The future of Fedora QA

Adam Williamson

2017-02-12 09:33

Welcome to version 2.0 of this blog post! This space was previously occupied by a whole bunch of longwinded explanation about some changes that are going on in Fedoraland, and are going to be accelerating (I think) in the near future. But it was way too long. So here's the executive summary!

First of all: if you do nothing else to get up to speed on Stuff That's Going On, watch Ralph Bean's Factory 2.0 talk and Adam Samalik's Modularity talk from Devconf 2017. Stephen Gallagher's Fedora Server talk and Dennis Gilmore's 'moving everyone to Rawhide' talk are also valuable, but please at least watch Ralph's. It's a one-hour overview of all the big stuff that people really want to build for Fedora (and RH) soon.

To put it simply: Fedora (and RH) don't want to be only in the business of releasing a bunch of RPMs and operating system images every X months (or years) any more. And we're increasing moving away from the traditional segmented development process where developers/package maintainers make the bits, then release engineering bundles them all up into 'things', and then QA looks at the 'things' and says "er, it doesn't boot, try again", and we do that for several months until QA is happy, then we release it and start over. There is a big project to completely overhaul the way we build and ship products, using a pipeline that involves true CI, where each proposed change to Fedora produces an immediate feedback loop of testing and the change is blocked if the testing fails. Again, watch Ralph's talk, because what he basically does is put up a big schematic of this entire system and go into a whole bunch of detail about his vision for how it's all going to work.

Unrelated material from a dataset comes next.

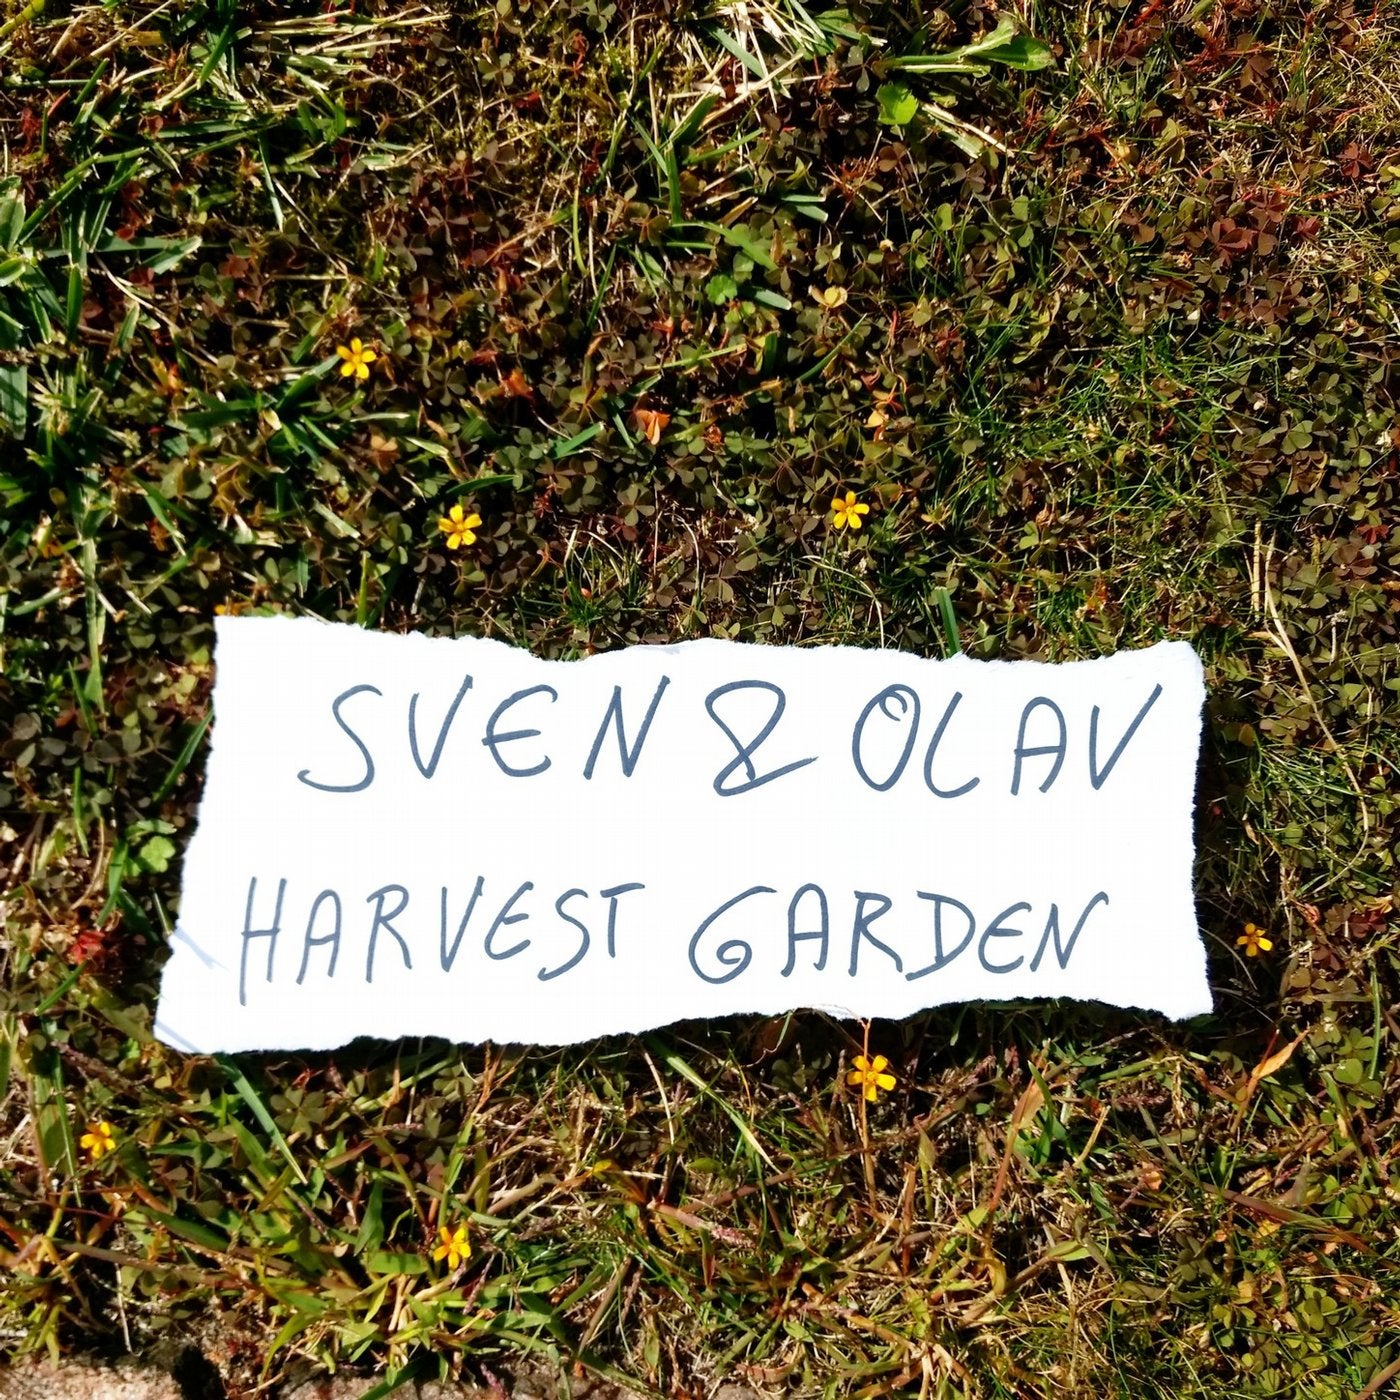 Harvest Garden

As part of this, some of the folks in RH's Fedora QA team whose job has been to work on 'automated testing' - a concept that is very tied to the traditional model for building and shipping a 'distribution', and just means taking some of the tasks assigned to QA/QE in that model and automating them - are now instead going to be part of a new team at Red Hat whose job is to work on the infrastructure that supports this CI pipeline. That doesn't mean they're leaving Fedora, or we're going to throw away all the work we've invested in the components of Taskotron and start all over again, but it does mean that some or all of the components of Taskotron are going to be re-envisaged as part of a modernized pipeline for building and shipping whatever it is we want to call Fedora in the future - and also, if things go according to plan, for building and shipping CentOS and Red Hat products, as part of the vision is that as many components of the pipeline as possible will be shared among many projects.

So that's one thing that's happening to Fedora QA: the RH team is going to get a bit smaller, but it's for good and sensible reasons. You're also not going to see those folks disappear into some kind of internal RH wormhole, they'll still be right here working on Fedora, just in a somewhat different context.

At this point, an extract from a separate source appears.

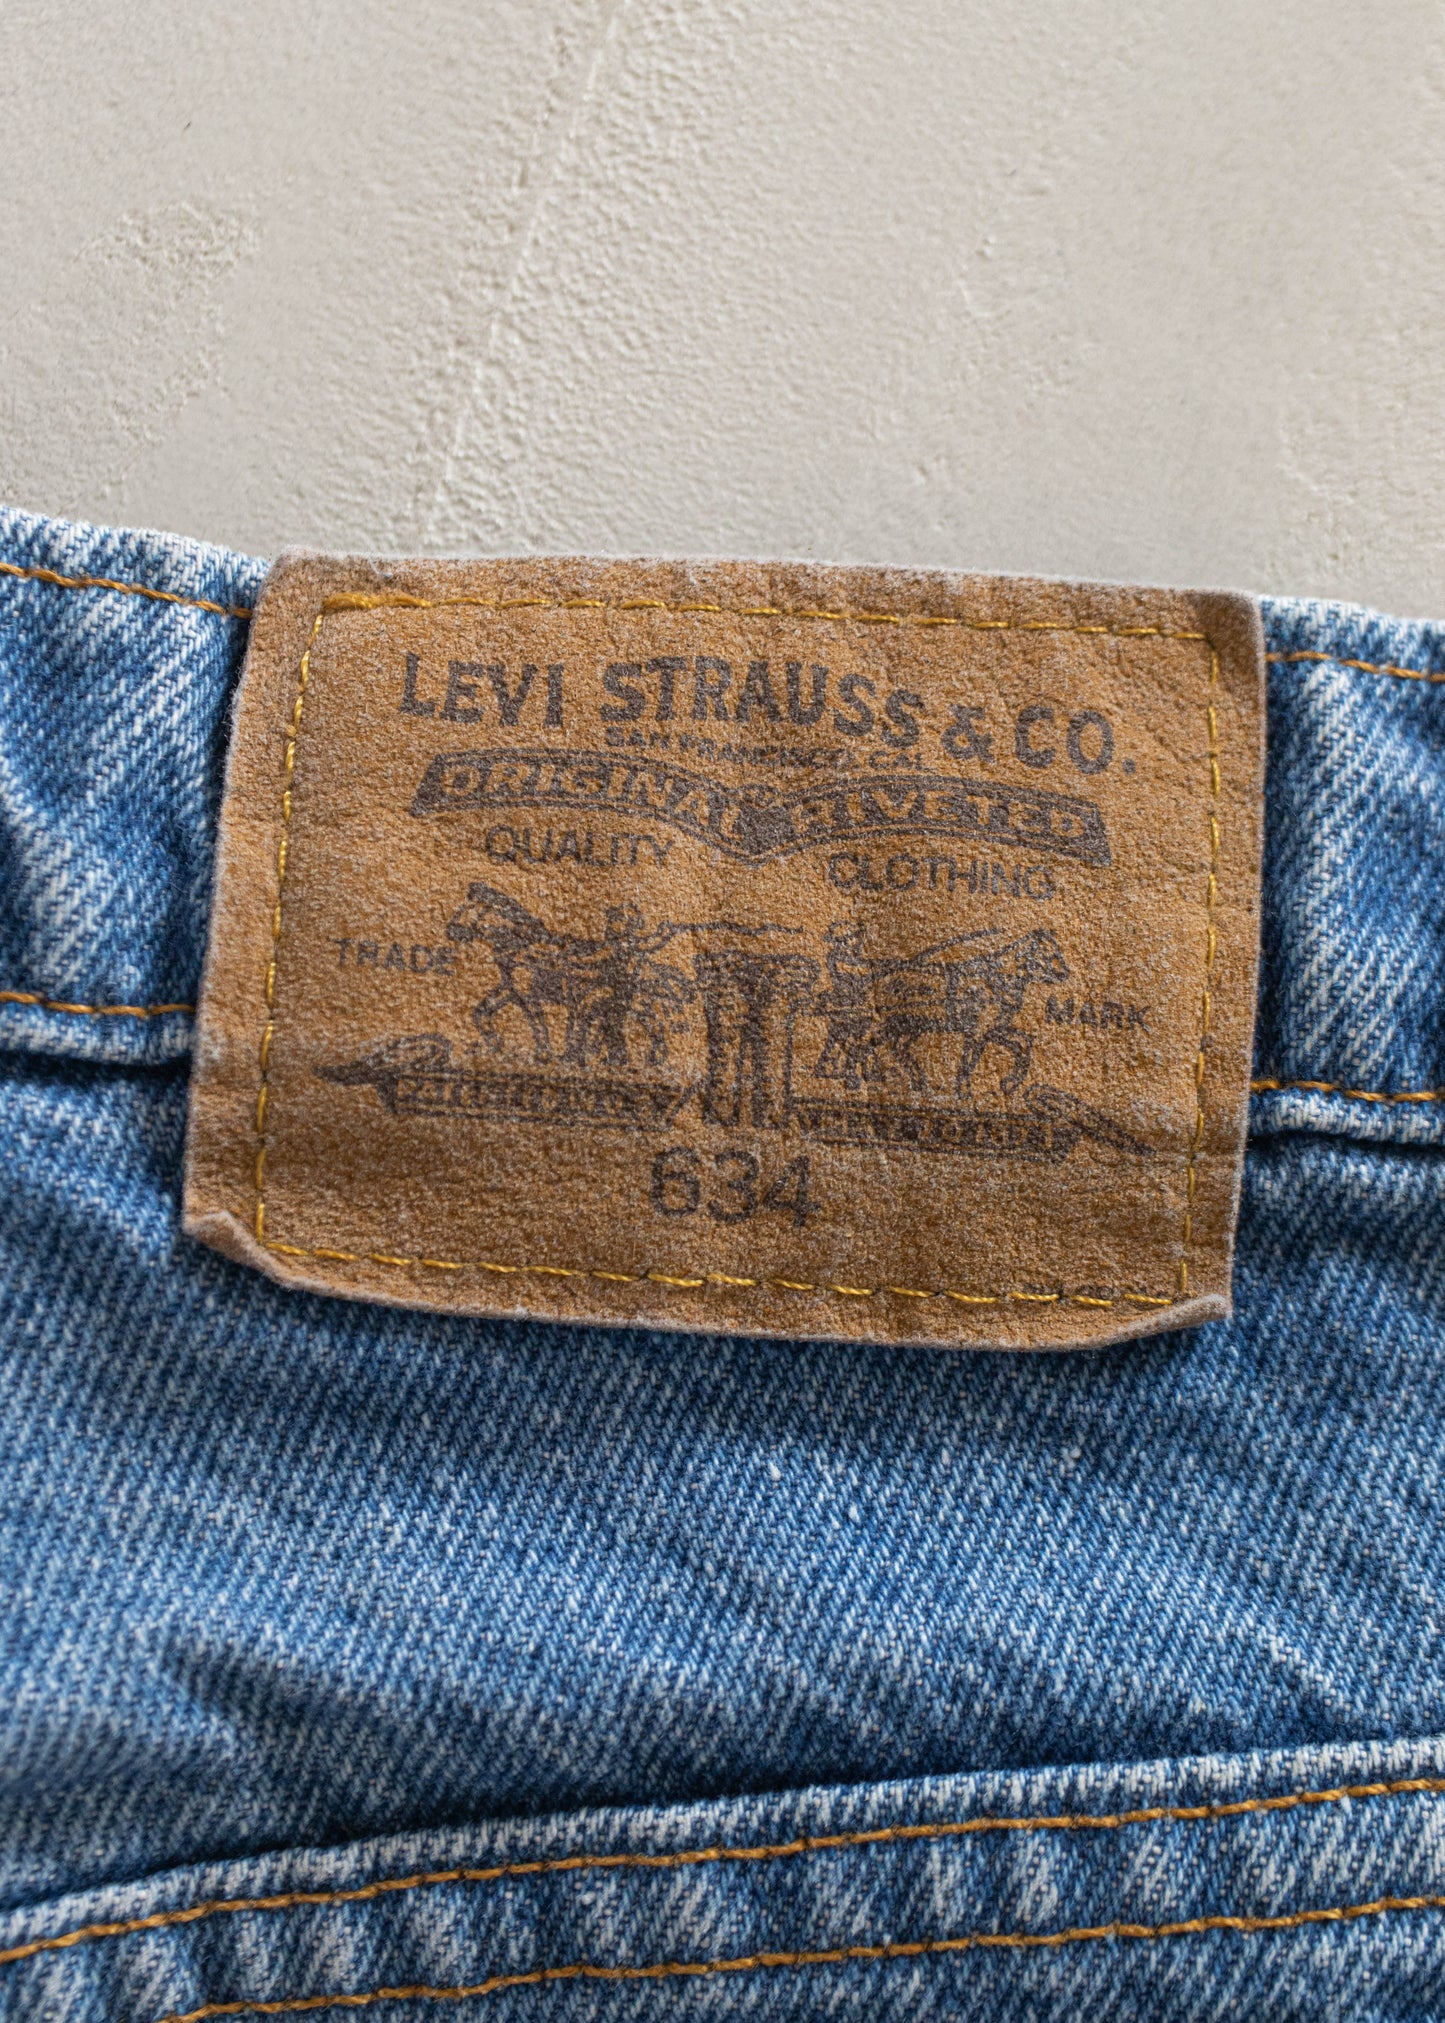 1980s Levi's 634 Orange Tab Midwash Jeans Size Women's 33 Men's 36

Of course, all of this change has other implications for Fedora QA as well, and I reckon this is a good time for those of us still wearing 'Fedora QA' hats - whether we're paid by Red Hat or not - to be reconsidering exactly what our goals and priorities ought to be. Much like with Taskotron, we really haven't sat down and done that for several years. I've been thinking about it myself for a while, and I wouldn't say I have it all figured out, but I do have some thoughts.

For a start I think we should be looking ahead to the time when we're no longer on what the anaconda team used to call 'the blocker treadmill', where a large portion of our working time is eaten up by a more or less constant cycle of waking up, finding out what broke in Rawhide or Branched today, and trying to get it fixed. If the plans above come about, that should happen a lot less for a couple of reasons: firstly Fedora won't just be a project which releases a bunch of OS images every six months any more, and secondly, distribution-level CI ought to mean that things aren't broken all the damn time any more. In an ideal scenario, a lot of the basic fundamental breakage that, right now, is still mostly caught by QA - and that we spend a lot of our cycles on dealing with - will just no longer be our problem. In a proper CI system, it becomes truly the developers' responsibility: developers don't get to throw in a change that breaks everything and then wait for QA to notice and tell them about it. If they try and send a change that breaks everything, it gets rejected, and hopefully, the breakage never really 'happens'.

Sadly (or happily, given I still have a mortgage to pay off) this probably doesn't mean Project Colada will finally be reality and we all get to sit on the beach drinking cocktails for the rest of our lives. CI is a great process for ensuring your project basically works all the time, but 'basically works' is a long way from 'perfect'. Software is still software, after all, and a CI process is never going to catch all of the bugs. Freeing QA from the blocker treadmill lets us look up and think, well, what else can we do?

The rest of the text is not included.